CK2 phosphorylation-induced conformational switch triggers degradation of the papillomavirus E2 protein.

PENROSE, K.J., GARCÍA ALAI, M., PRAT GAY, G. DE AND MCBRIDE, A.A.

JOURNAL OF BIOLOGICAL CHEMISTRY

Año: 2004 vol. 279 p. 22430 - 22439

0021-9258

Casein Kinase II Phosphorylation-induced Conformational Switch Triggers Degradation of the Papillomavirus E2 Protein* Received for publication, January 1, 2004, and in revised form, March 1, 2004 Published, JBC Papers in Press, March 9, 2004, DOI 10.1074/jbc.M314340200 Kerri J. Penrose‡, Maria Garcia-Alai§, Gonzalo de Prat-Gay§, and Alison A. McBride‡¶ From the ‡Laboratory of Viral Diseases, NIAID, National Institutes of Health, Bethesda, Maryland 20892-0455 and §Fundación Instituto Leloir, Universidad de Buenos Aires, 1405 Buenos Aires, Argentina The major phosphorylation sites of the bovine papillomavirus E2 transactivator protein are two serine residues, 298 and 301, that are located in a flexible hinge region between the DNA binding and transactivation domains. Phosphorylation of serine residue 301 promotes ubiquitination and rapid degradation of the E2 protein by the proteasome pathway. To understand the mechanism through which phosphorylation regulates the intracellular levels of this unique papillomavirus regulatory protein, we have carried out an extensive mutational analysis of the region surrounding the phosphorylation sites of the E2 protein.

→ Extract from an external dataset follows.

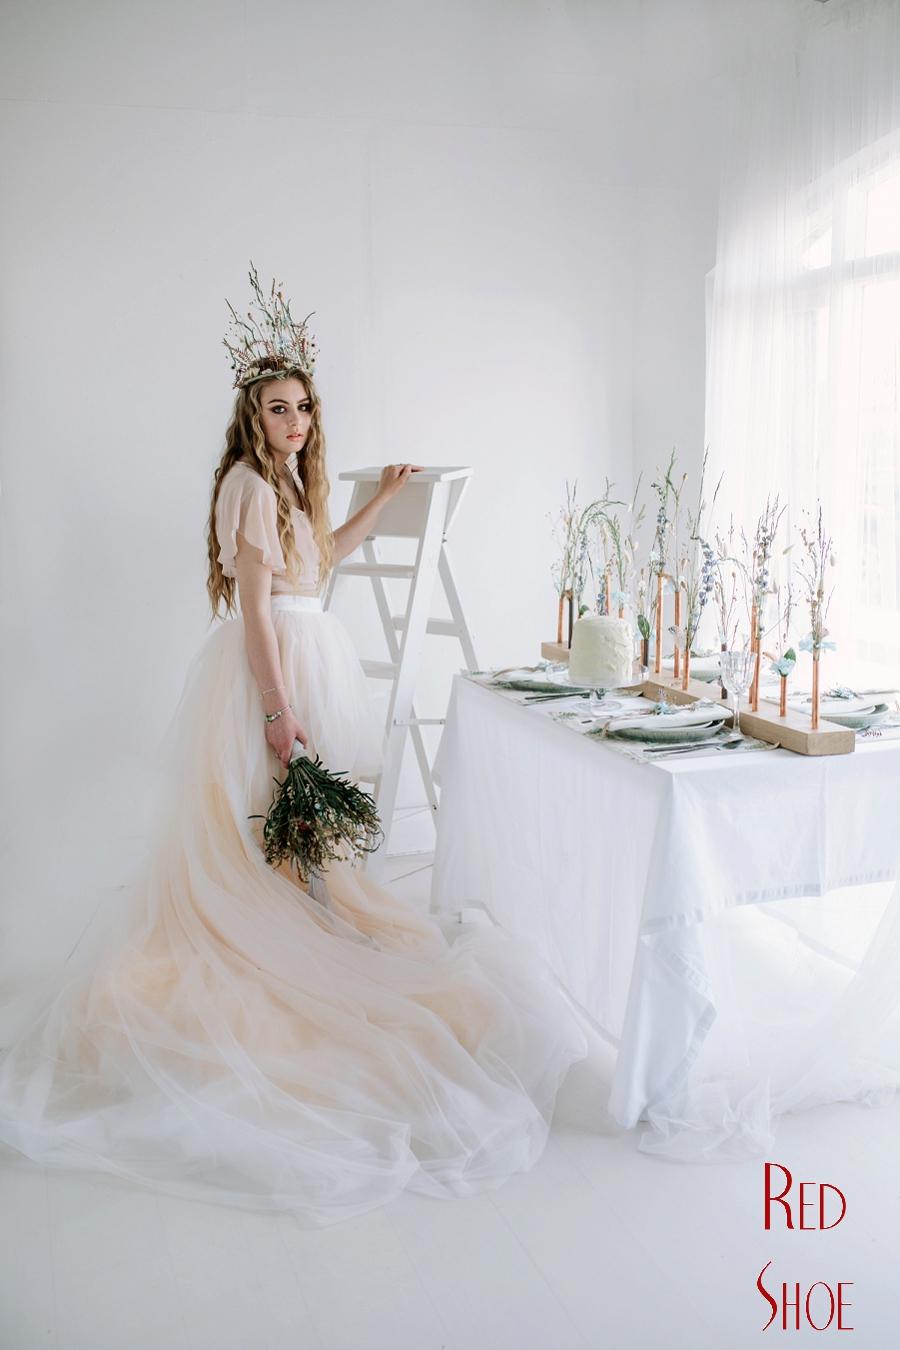 Boho bride, Glam Boho bride, Wedding inspiration, Styled wedding photo shoot, wedding ideas, wedding flower ideas, wedding photography, dried wedding flowers, boho bride makeup ideas_0049.jpg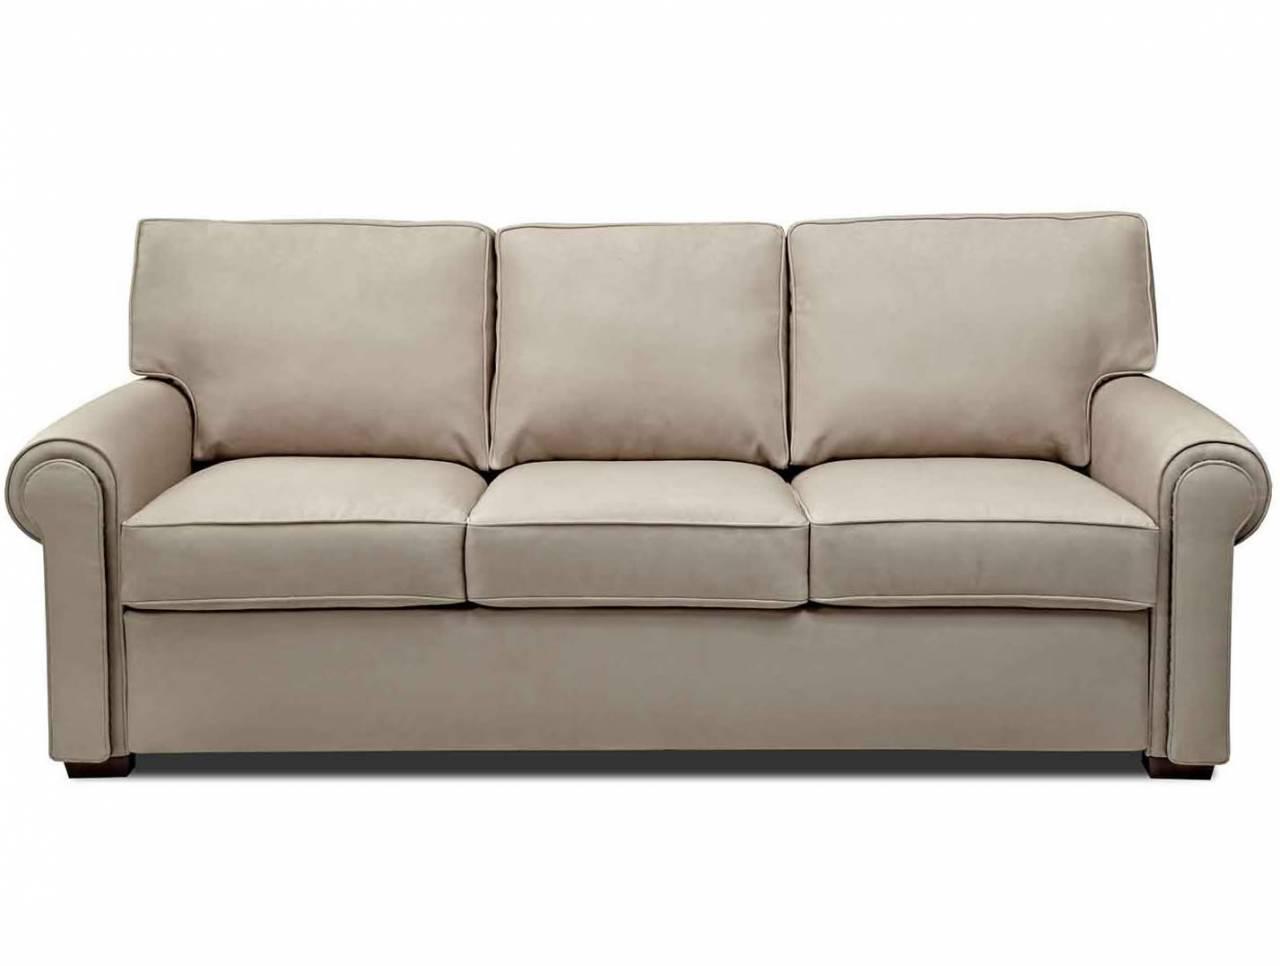 sofa and chairs bloomington mn bentley italian leather sectional reese sleeper sofas of minnesota

Our results indicate that casein kinase II phosphorylates serine 301. However, phosphorylation of serine 301 is not a sufficient recognition motif for proteasomal degradation; other residues that directly surround the phosphorylation sites are crucial for E2 degradation. The phenotypes of E2 proteins mutated in this region indicate that phosphorylation of serine 301 induces a conformational change that leads to degradation of the E2 protein. In support of this model, circular dichroism studies of the conformational tendencies of peptides from this region indicate that phosphorylation at position 301 decreases the local thermodynamic stability of this region. Thus, this region appears to have evolved to display a marginal local thermodynamic stability that can be regulated by phosphorylation, leading to targeted degradation of the E2 protein.